Repeat exactly, and only, the lines below starting at the line that contains "Coupe / Trophée - Pièce LEGO® 10172" and ending at the line that contains "Die Band Kraftwerk", inclusive of both.

[ENTRIES SHOWN]
====
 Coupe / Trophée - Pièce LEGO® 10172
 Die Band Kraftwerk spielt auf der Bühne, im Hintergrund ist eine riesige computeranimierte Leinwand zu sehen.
====
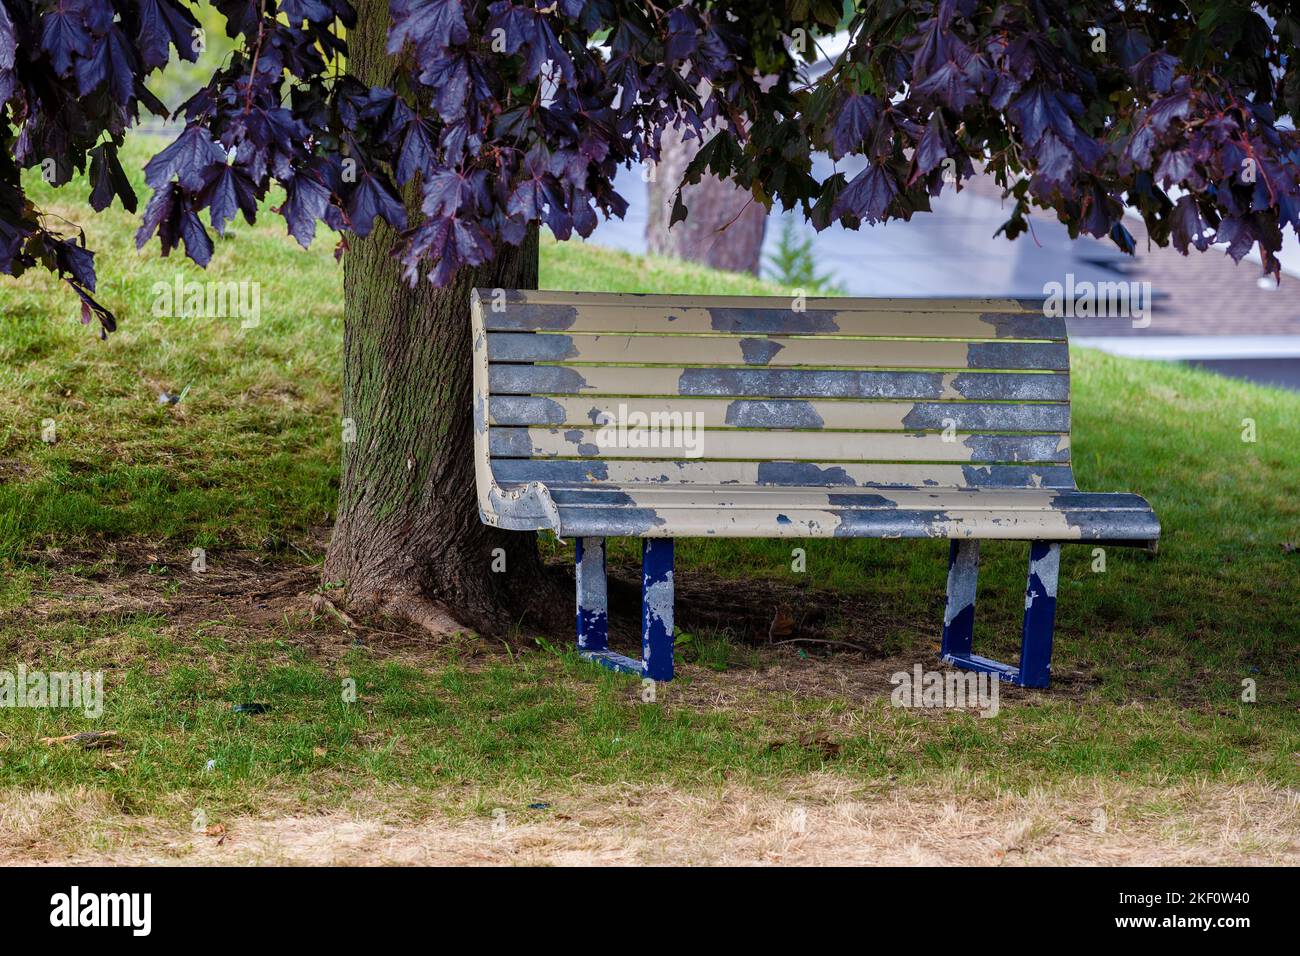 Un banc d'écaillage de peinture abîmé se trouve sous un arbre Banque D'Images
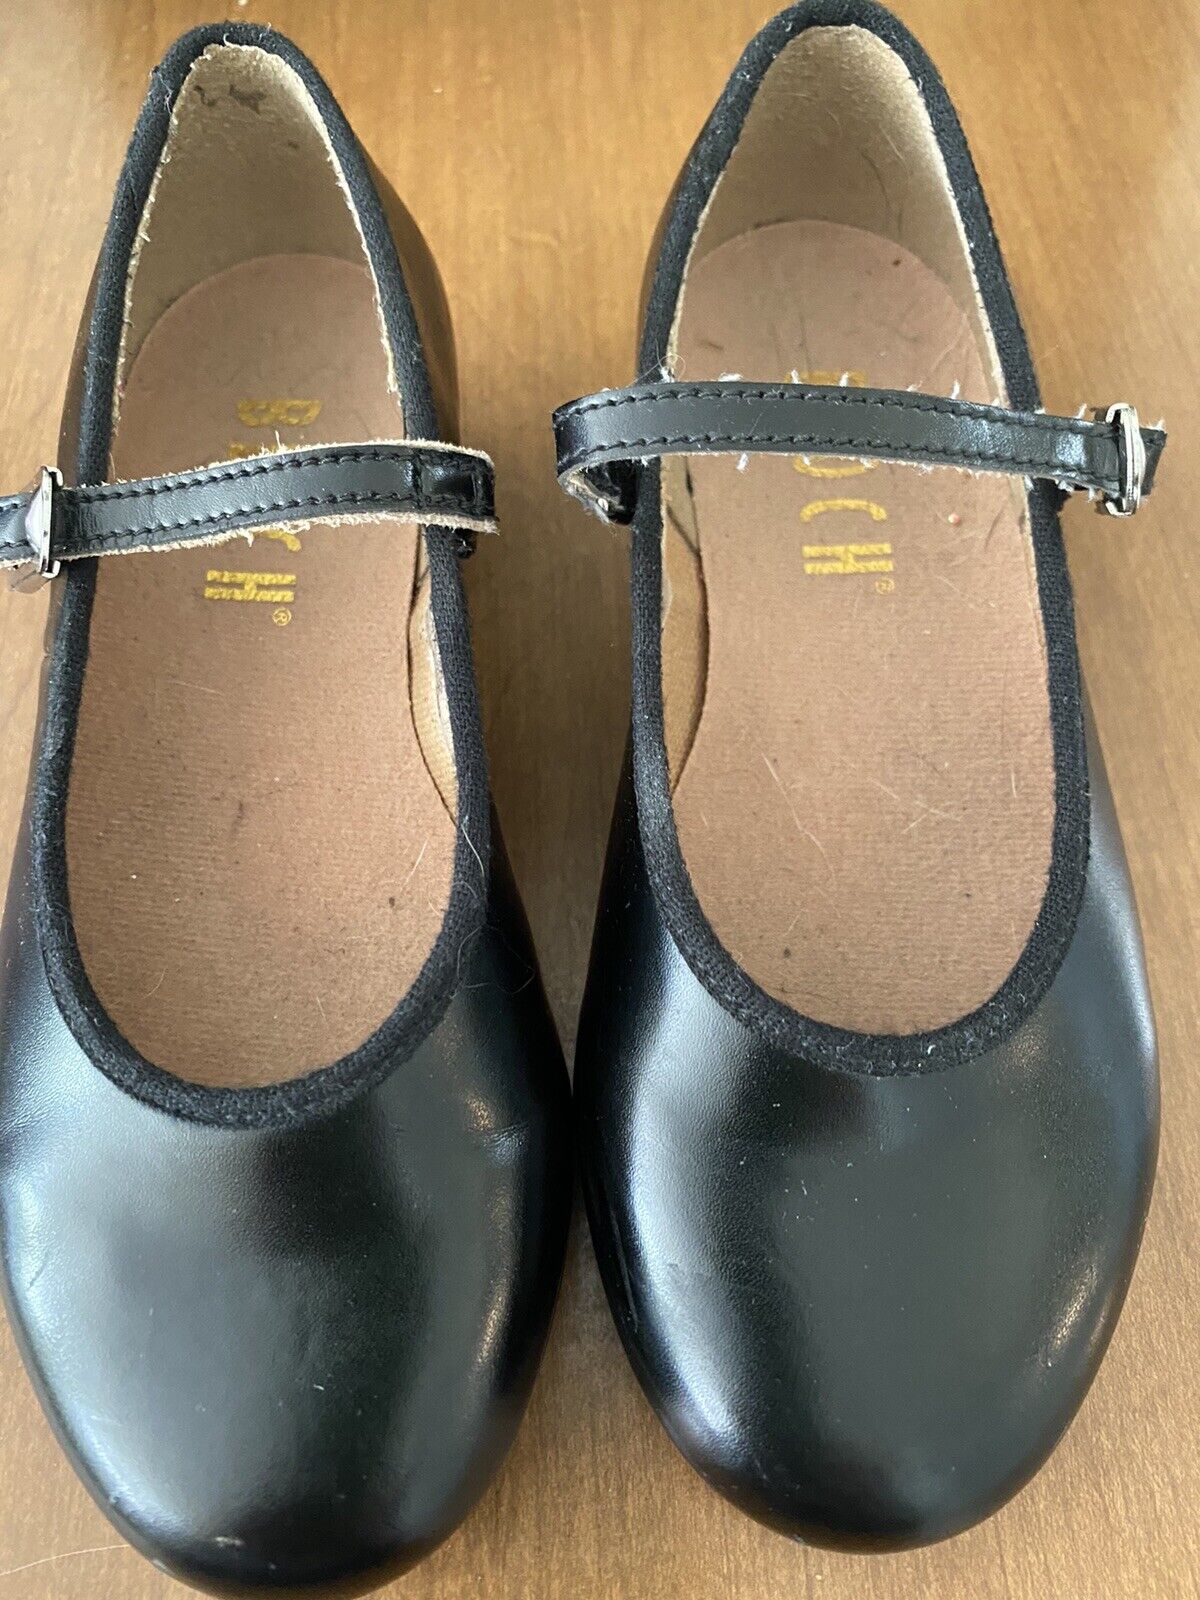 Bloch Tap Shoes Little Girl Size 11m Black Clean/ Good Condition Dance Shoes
====
[TASK OUTPUT]
 Coupe / Trophée - Pièce LEGO® 10172
 Die Band Kraftwerk spielt auf der Bühne, im Hintergrund ist eine riesige computeranimierte Leinwand zu sehen.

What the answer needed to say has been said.